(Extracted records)
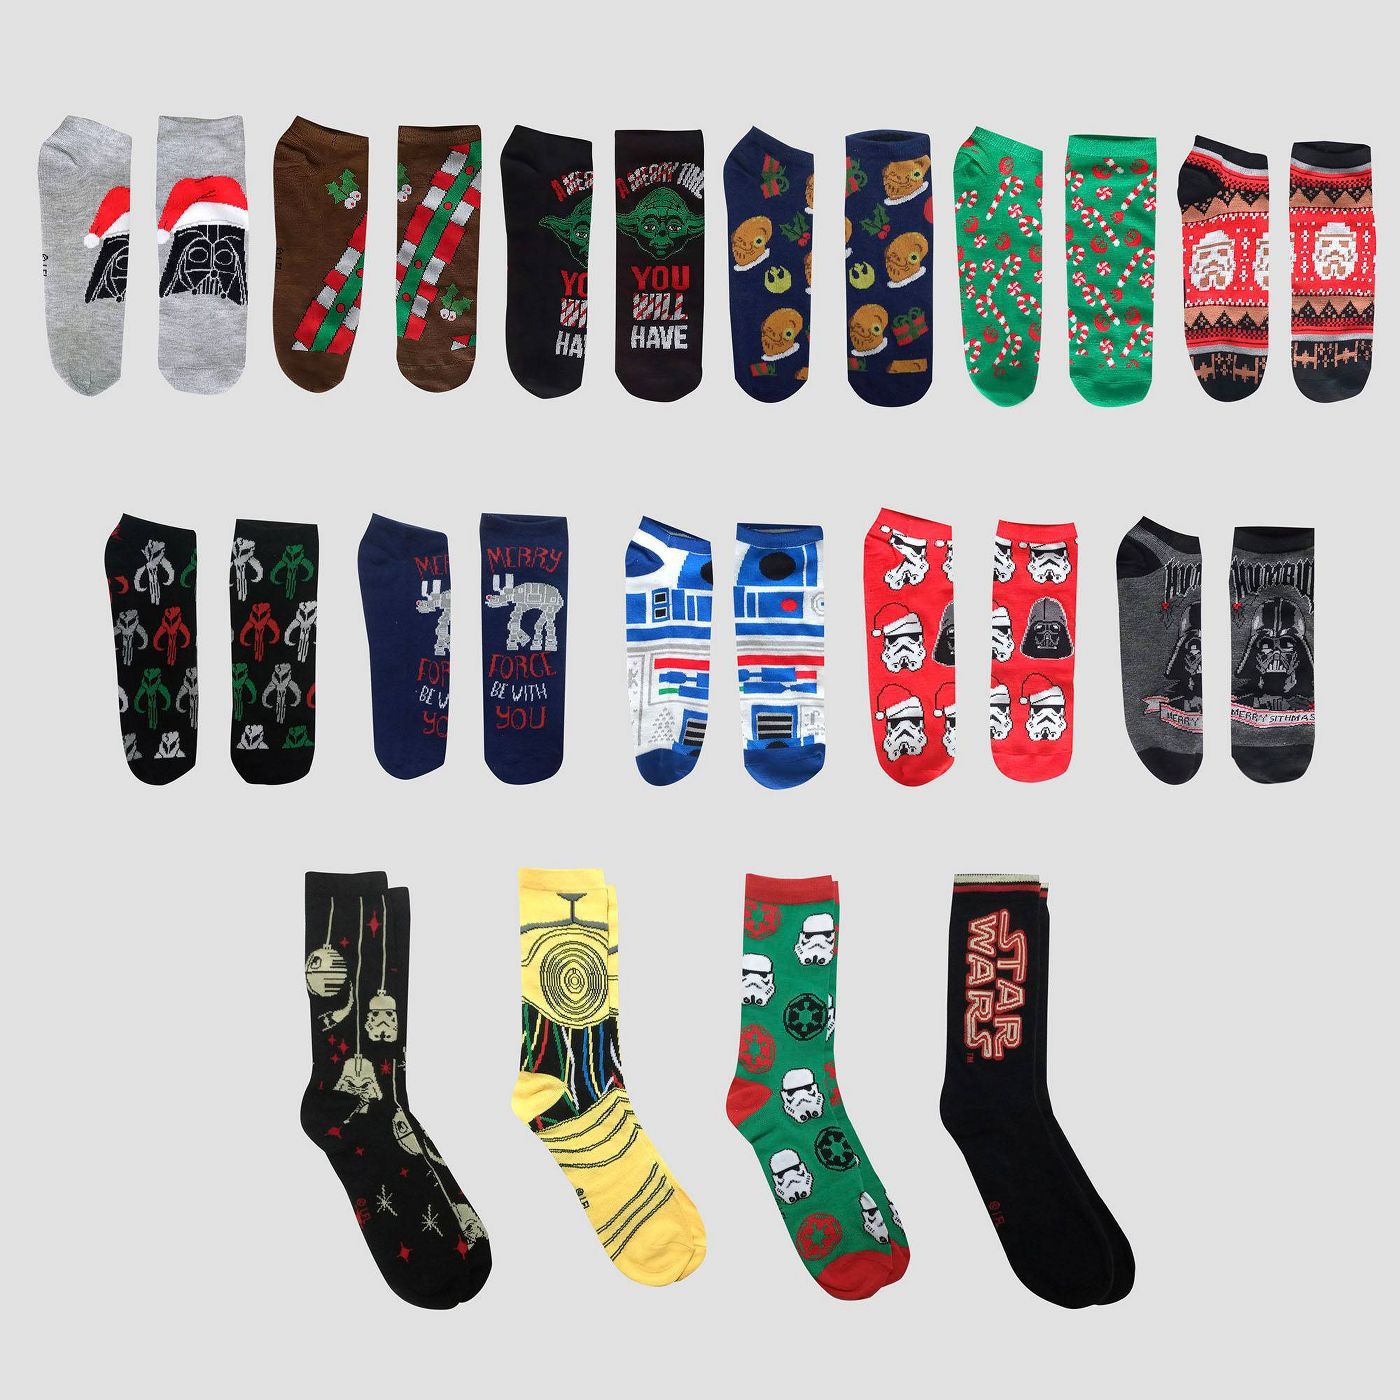 Men's Star Wars 15 Days of Socks Advent Calendar - Assorted Colors One Size - image 1 of 4
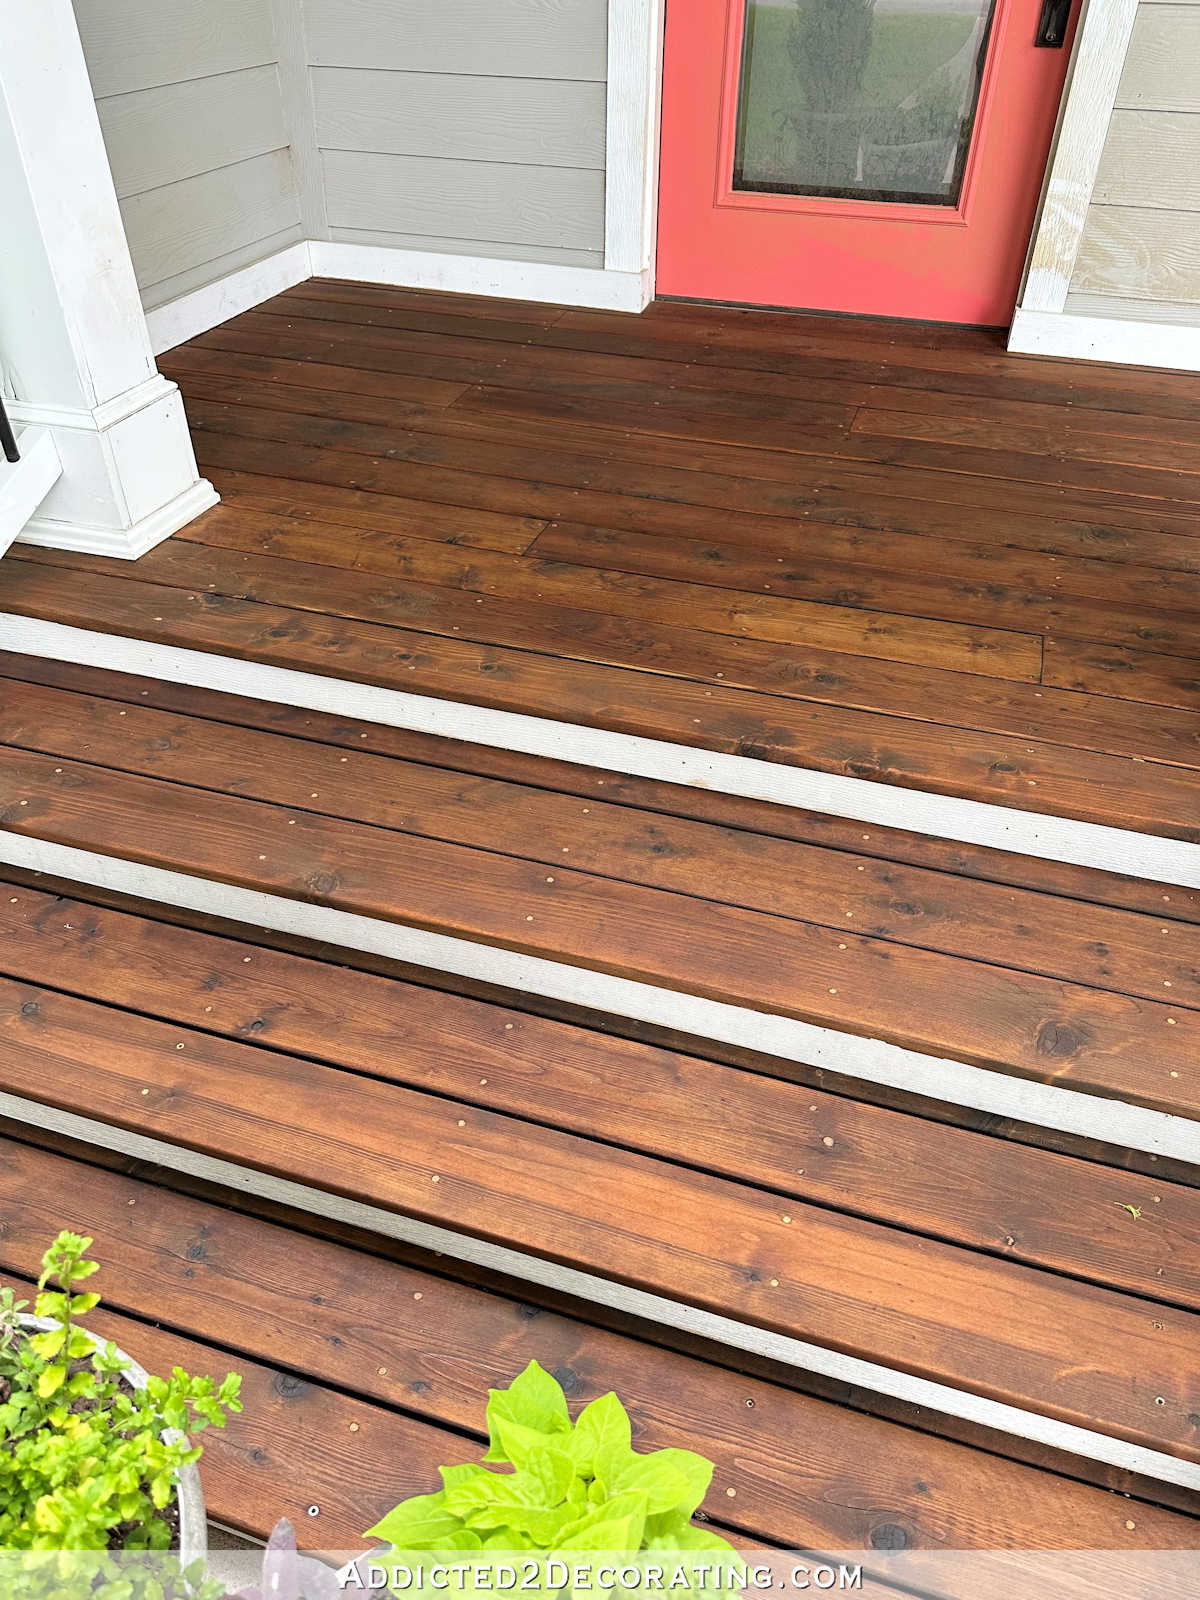 Cedar wood on the front porch was stained and sealed with Ready Seal in Dark Walnut
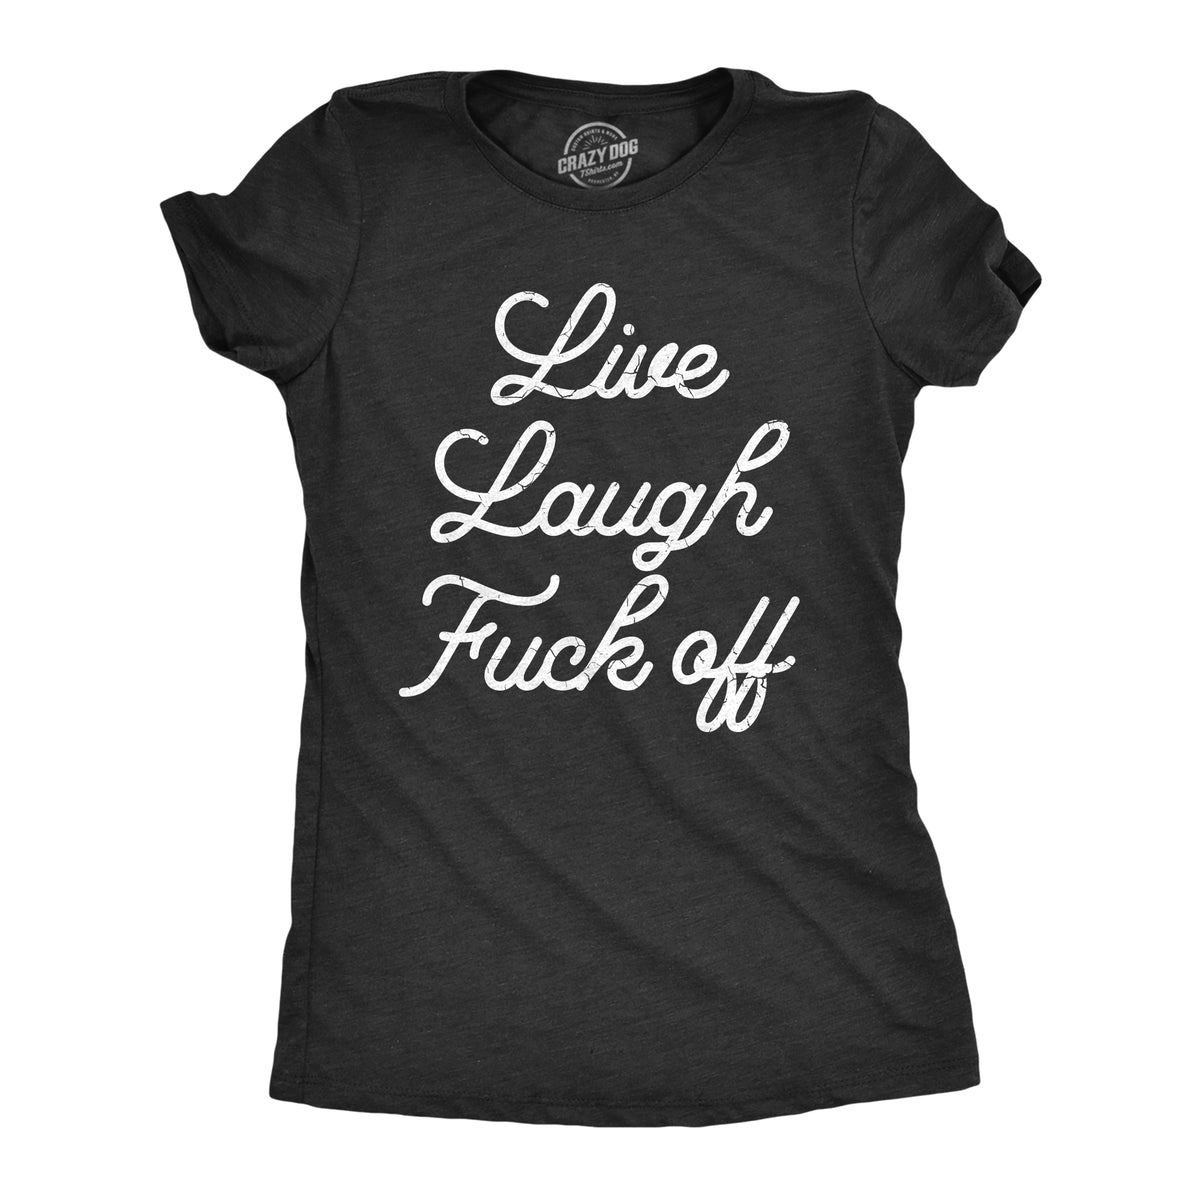 Funny Heather Black - FUCKOFF Live Laugh Fuck Off Womens T Shirt Nerdy sarcastic Tee
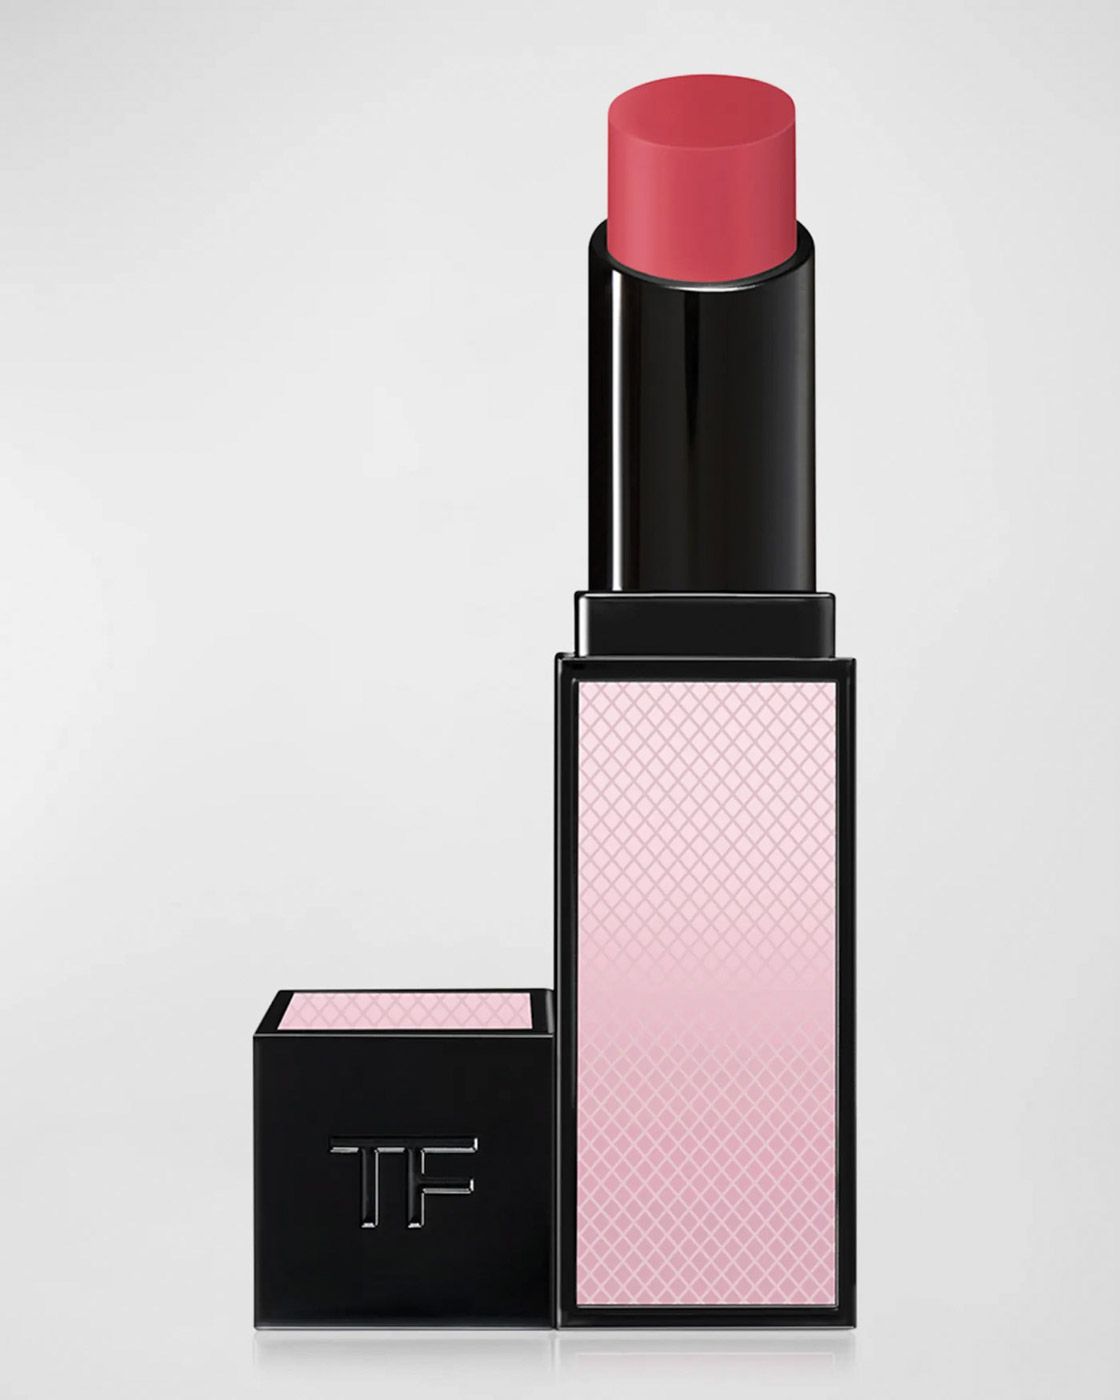 48 Tom Ford Satin Matte Lip Color $72 Availble At Neiman Marcus
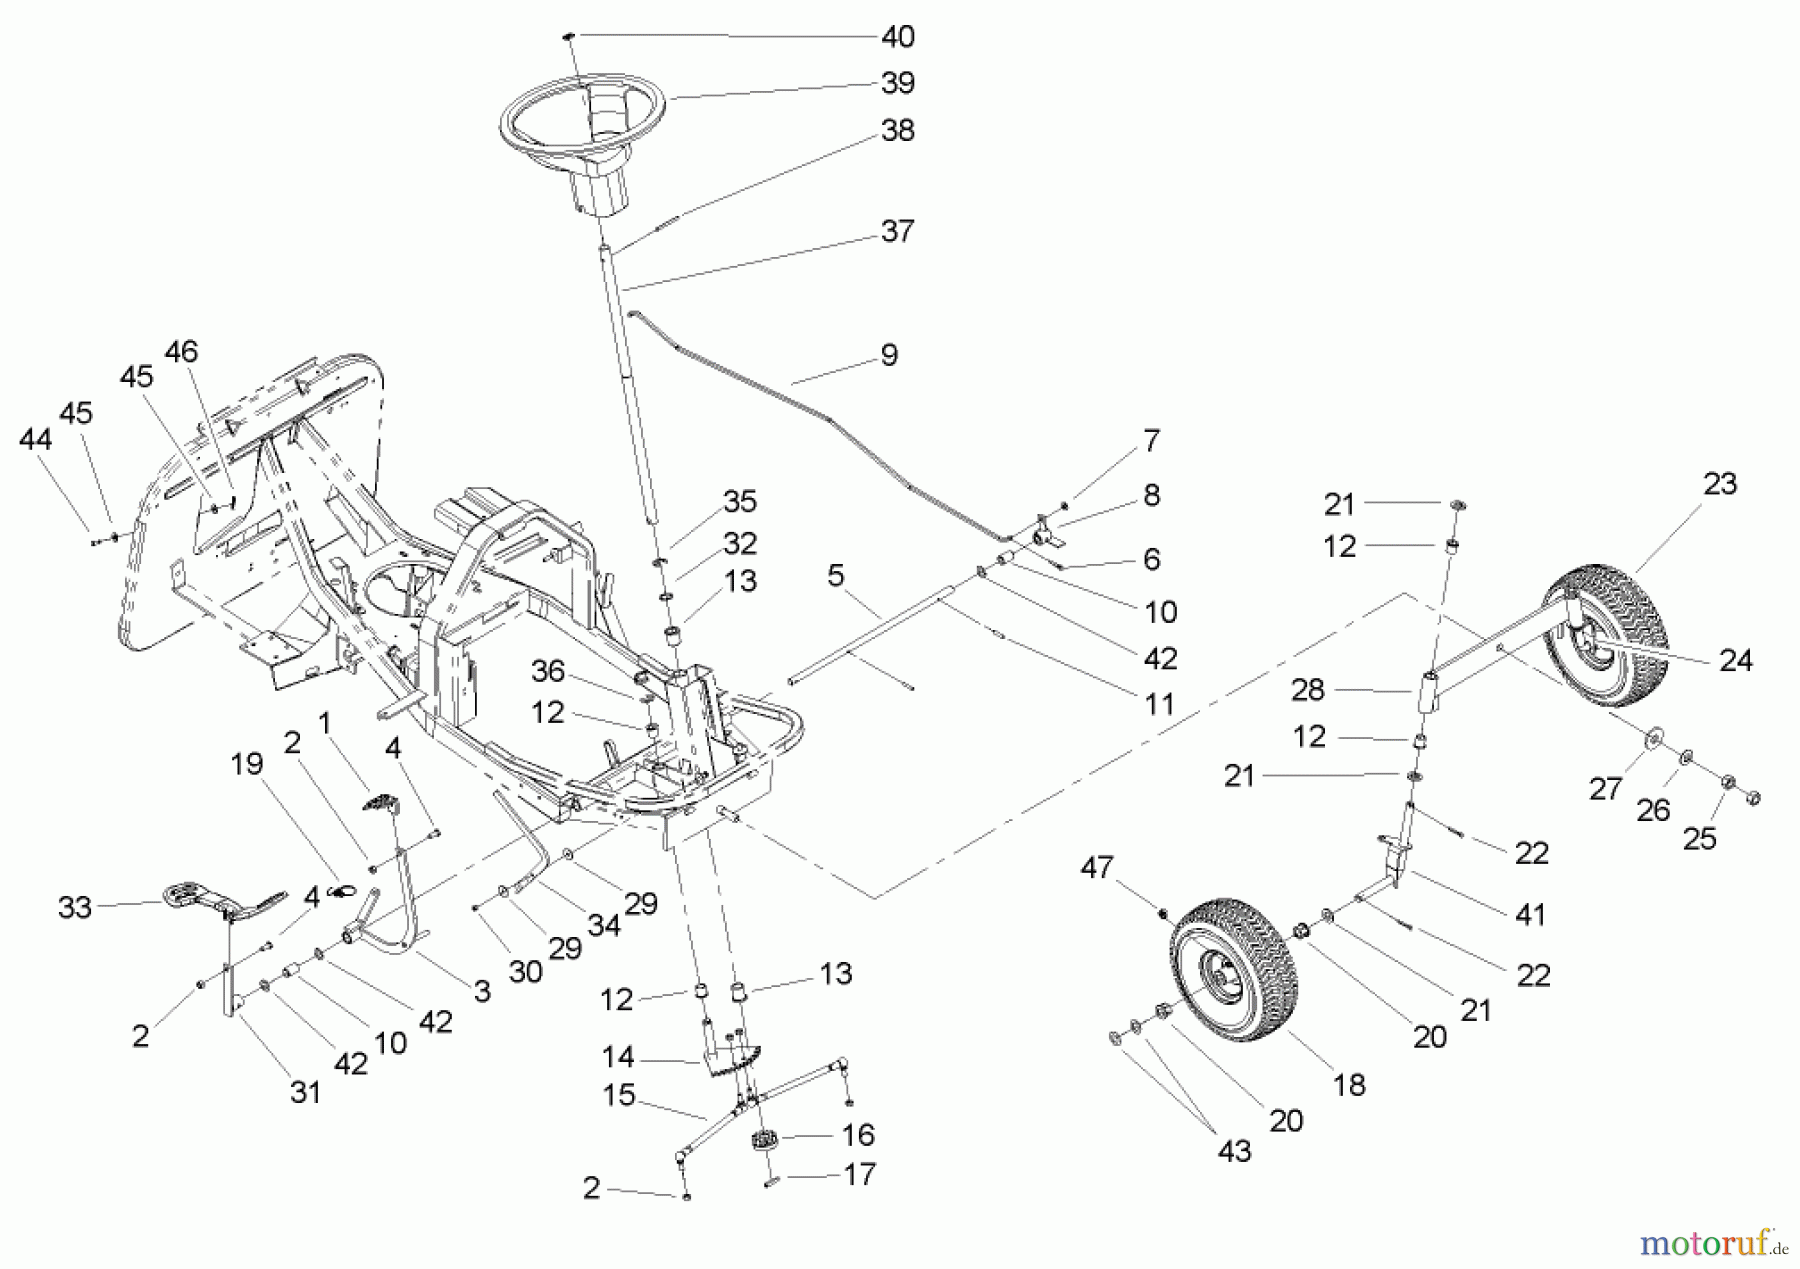  Toro Neu Mowers, Rear-Engine Rider 70186 (13-32H) - Toro 13-32H Rear-Engine Riding Mower, 2004 (240000001-240999999) FRONT AXLE AND STEERING ASSEMBLY

◆ TASK STATEMENT: Restate the data exactly, though only from the line that contains "Cedar wood on" through its last line, both ends included and with the pictures left out.

◆ ANSWER SPACE:
 Cedar wood on the front porch was stained and sealed with Ready Seal in Dark Walnut
 Funny Heather Black - FUCKOFF Live Laugh Fuck Off Womens T Shirt Nerdy sarcastic Tee
 48 Tom Ford Satin Matte Lip Color $72 Availble At Neiman Marcus
  Toro Neu Mowers, Rear-Engine Rider 70186 (13-32H) - Toro 13-32H Rear-Engine Riding Mower, 2004 (240000001-240999999) FRONT AXLE AND STEERING ASSEMBLY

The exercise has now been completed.